Spanish cooking show

Con las manos en la masa is a Spanish cooking show by Televisión Española, directed and presented by Elena Santonja, aired between 1984 and 1991 on TVE-2. It is the first ever Spanish cooking show in the history of television.

==History==
Although Televisión Española had already produced some shows talking about gastronomy and home economics, such as A mesa y mantel in 1958, Vamos a la mesa in 1967–68, Gastronomía in 1970 and the game show Ding-Dong in 1980, Con las manos en la masa was the first show actually preparing one or more dishes over the course of an episode, taking the viewing audience through the food's inspiration, preparation, and stages of cooking on Spanish television. The first episode aired on January 10, 1984 and the first dish cooked was a fried egg.

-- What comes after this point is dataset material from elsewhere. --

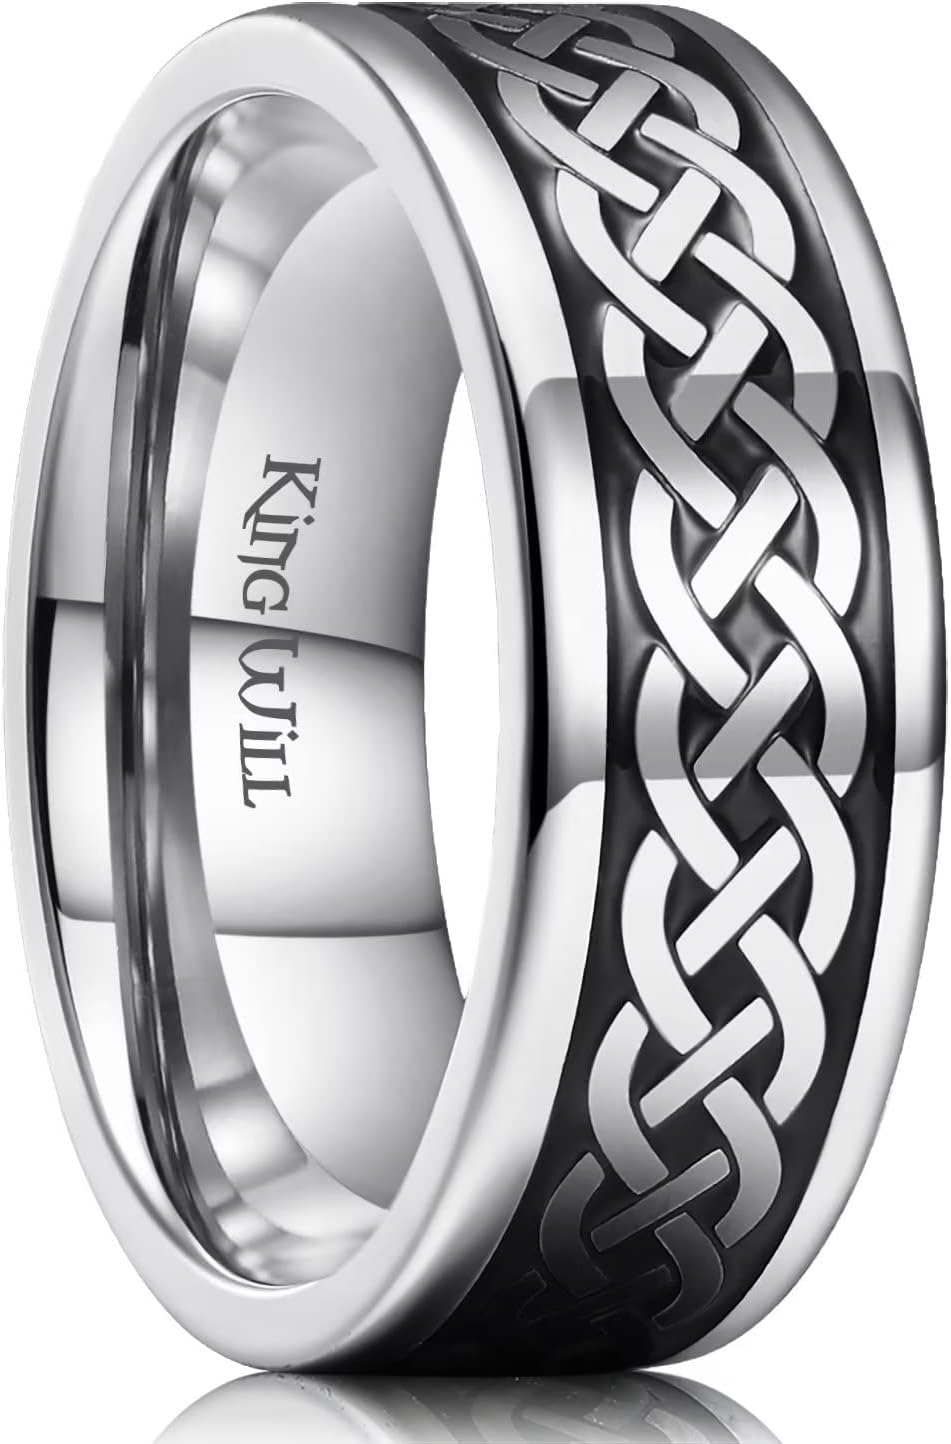 King Will Stainless Steel Wedding Band for Men - 8mm Black Silver Plated High Polished Inlay Celtic knot Ring for Everyday Wear Comfort Fit

In each episode, Santonja welcomes and interviews a celebrity while the two explain and prepare two recipes in the kitchen on the studio, almost always related to traditional Spanish cuisine. Many celebrities from the entertainment industry, culture, sports, and even politics appear on the show.

In May 1991, the show was transformed into La cocina de Elena. In August, Televisión Española abruptly canceled the new show when Santonja refused to include product placement on it. Six episodes already recorded were not aired.